Goodnight Wiki / Demoscene

Demoscene

The French literary group Oulipo believed that imposing arbitrary constraints on writing could force you into discoveries you'd never make otherwise. Georges Perec wrote a 300-page novel without the letter 'e'. The demoscene — a global subculture of programmers who compete to produce audiovisual art in impossibly small executables — is the Oulipo of computing. And the things they've discovered about rendering, compression, and the nature of code have rippled outward into mainstream graphics for decades.

The Culture

Demosceners gather at parties and competitions to make "demos" — small programs that generate impressive visuals and music in real time. Size categories range from 64K (barely enough for a modern JPEG) down to 256 bytes. Shadertoy, the web platform for GPU shader programming, was founded by demosceners, and the culture permeates the site: a Shadertoy shader is essentially a 4K intro with a browser as its runtime.1

What makes the demoscene different from competitive programming or code golf is the emphasis on aesthetics. The constraint isn't just "make it small" — it's "make it small and beautiful." A 256-byte demo that renders ugly geometry technically succeeds at size optimisation but fails as a demo. The best work achieves genuine visual artistry within its constraints, and the tension between the two goals is where the interesting techniques live.

The Postcard Path Tracer

Andrew Kensler's postcard-sized path tracer is a masterpiece of constrained programming: 2,037 bytes of C++ that renders a photorealistic image of the word "PIXAR" in a room with soft shadows, colour bleeding, and glossy reflections.2 Fabien Sanglard's reverse-engineering reveals the layers of cleverness packed into each byte.
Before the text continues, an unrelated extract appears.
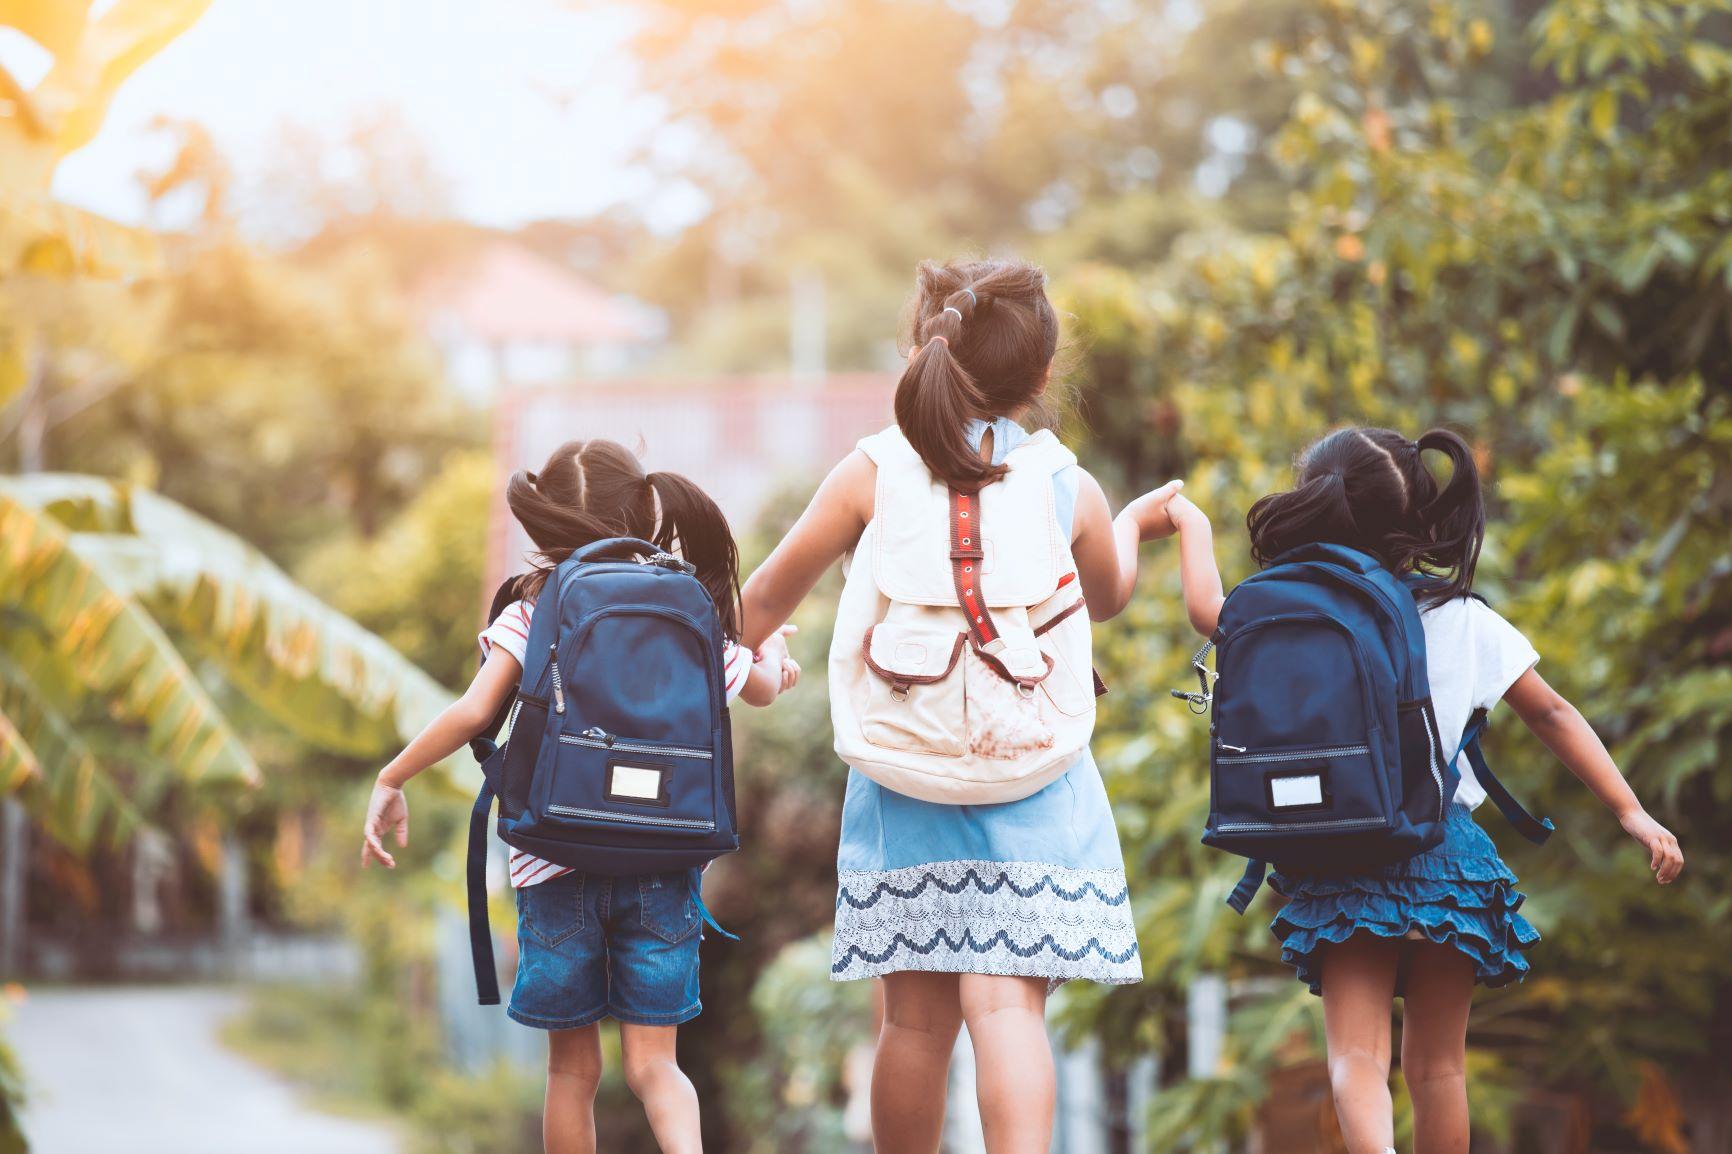 6 แนวปฏิบัติเตรียมพร้อมเปิดเรียนปลอดภัย thaihealth

The scene is defined entirely through signed distance functions — no vertices, no meshes. The letters are encoded as 15 line segments stored in a character string, where each character's ASCII value encodes a coordinate. Two half-circles for the P and R are special-cased with hard-coded positions. The room is carved from solid space using CSG: two inverted boxes for the upper and lower rooms, plus a modular box operation for the ceiling planks. Everything above y=19.9 is light.

The renderer is a legitimate path tracer: cosine-weighted hemisphere sampling for diffuse bounces, direct light evaluation with shadow rays, specular reflection on the letter surfaces. Tone mapping uses Reinhard's method in a form so compact it looks like an arithmetic accident: color = color * (1/samples) + 14/241; vec o = color + 1; color = color / o * 255.
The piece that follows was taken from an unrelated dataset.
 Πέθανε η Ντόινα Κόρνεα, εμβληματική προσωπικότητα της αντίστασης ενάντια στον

The character string encoding is the trick that makes it all fit. Each pair of characters encodes x,y coordinates for a line segment endpoint, with 79 subtracted from the ASCII value and the result scaled by 0.5. It's not a general-purpose compression scheme — it's a one-off hack perfectly shaped to this specific data. That's the demoscene aesthetic: solutions that are brilliant but unrepeatable.

Donut on Silicon

Andy Sloane's donut.c started as an obfuscated C program that renders a spinning ASCII-art torus. Over the years he pushed it through increasingly radical reimplementations: optimised C, bitwise-only operations, and finally actual silicon — a Tiny Tapeout 8 ASIC that ray-marches a donut in real time with no memory buffer, racing the VGA beam at 48MHz on ~7,000 logic gates.3

The key insight is that a torus SDF can be evaluated using only CORDIC — a technique that computes lengths and rotations through iterated shift-and-add operations. No multiplications, no trig, no square roots. And the same CORDIC passes that compute the distance also rotate a lighting vector as a side effect, giving surface normals for free.
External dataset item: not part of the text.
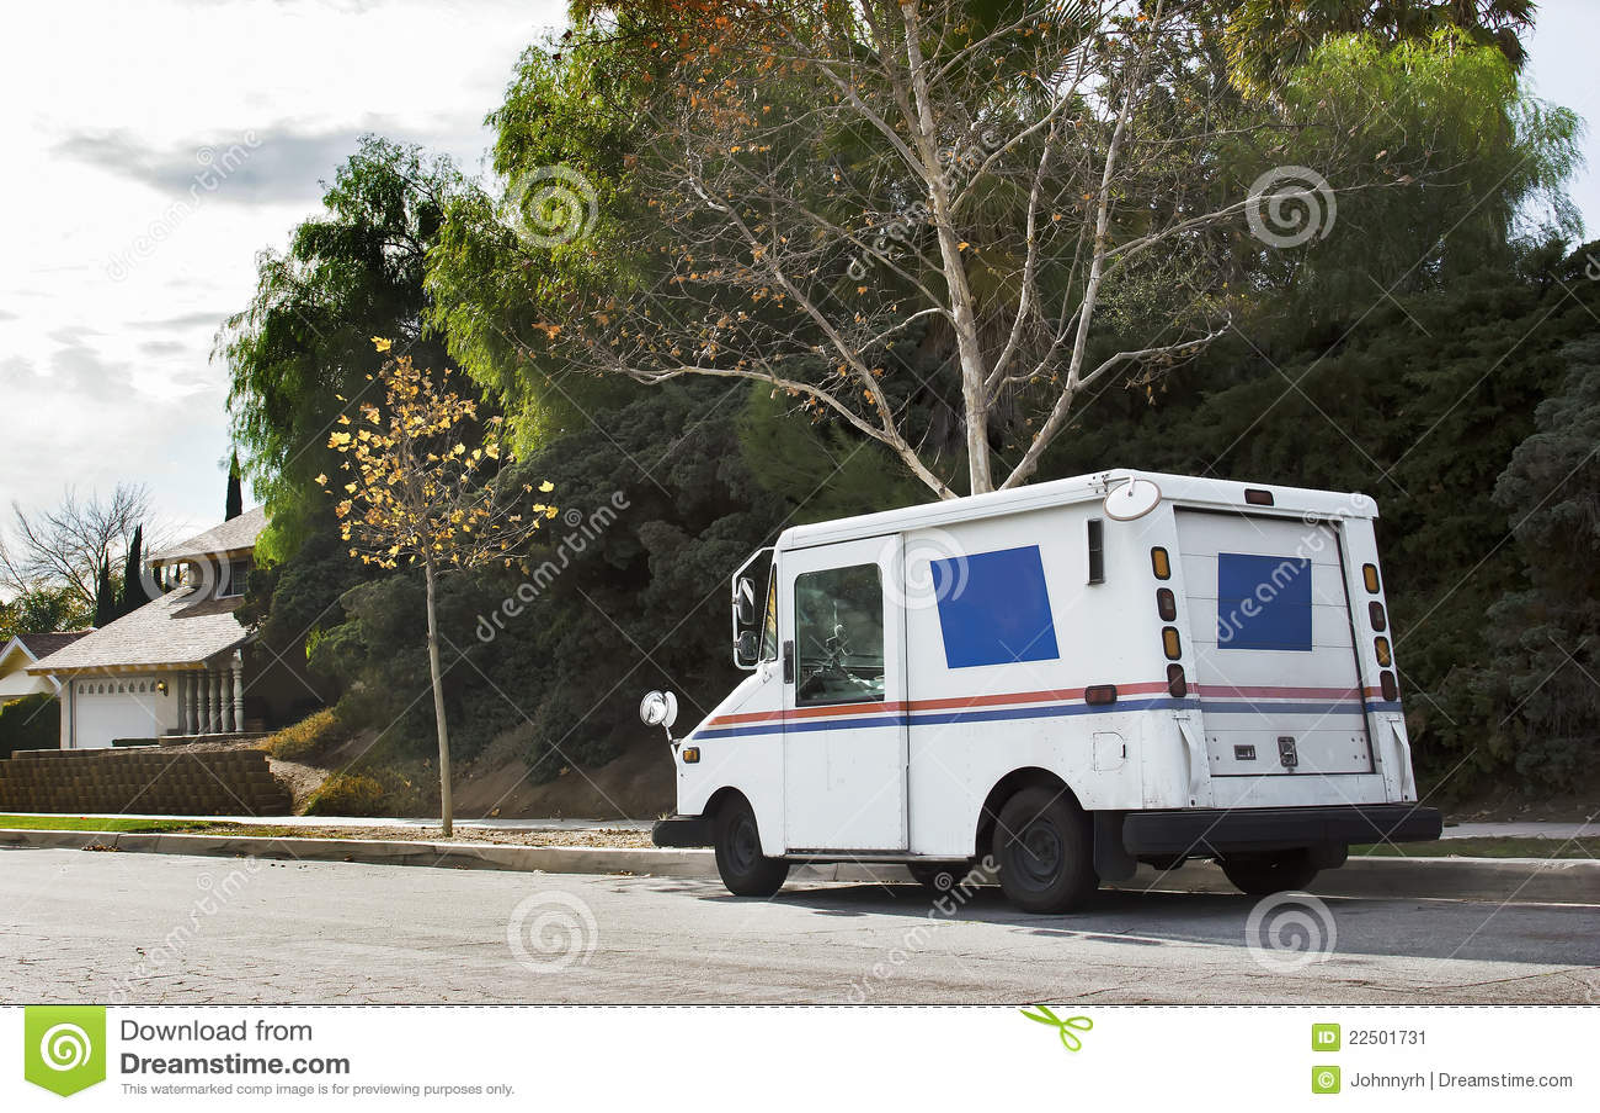 Automobile postale in distretto residenziale

With only 2 bits per RGB channel on the output, Sloane used ordered dithering with temporal alternation to simulate greater colour depth. The approximate multiplier for ray stepping uses leading-bit detection instead of real multiplication. The rotation of the torus uses the Minsky circle algorithm (HAKMEM 149), which maintains sin/cos pairs through iterated shift-and-add without magnitude drift — as long as you have enough precision bits.

The result looks polygonal because Sloane could only fit 3 CORDIC iterations in one clock cycle. Bruno Levy noticed this on Twitter: restrict the iterations and you get faceted geometry. An accident born from timing constraints on a 130nm process that produces an aesthetic nobody planned for.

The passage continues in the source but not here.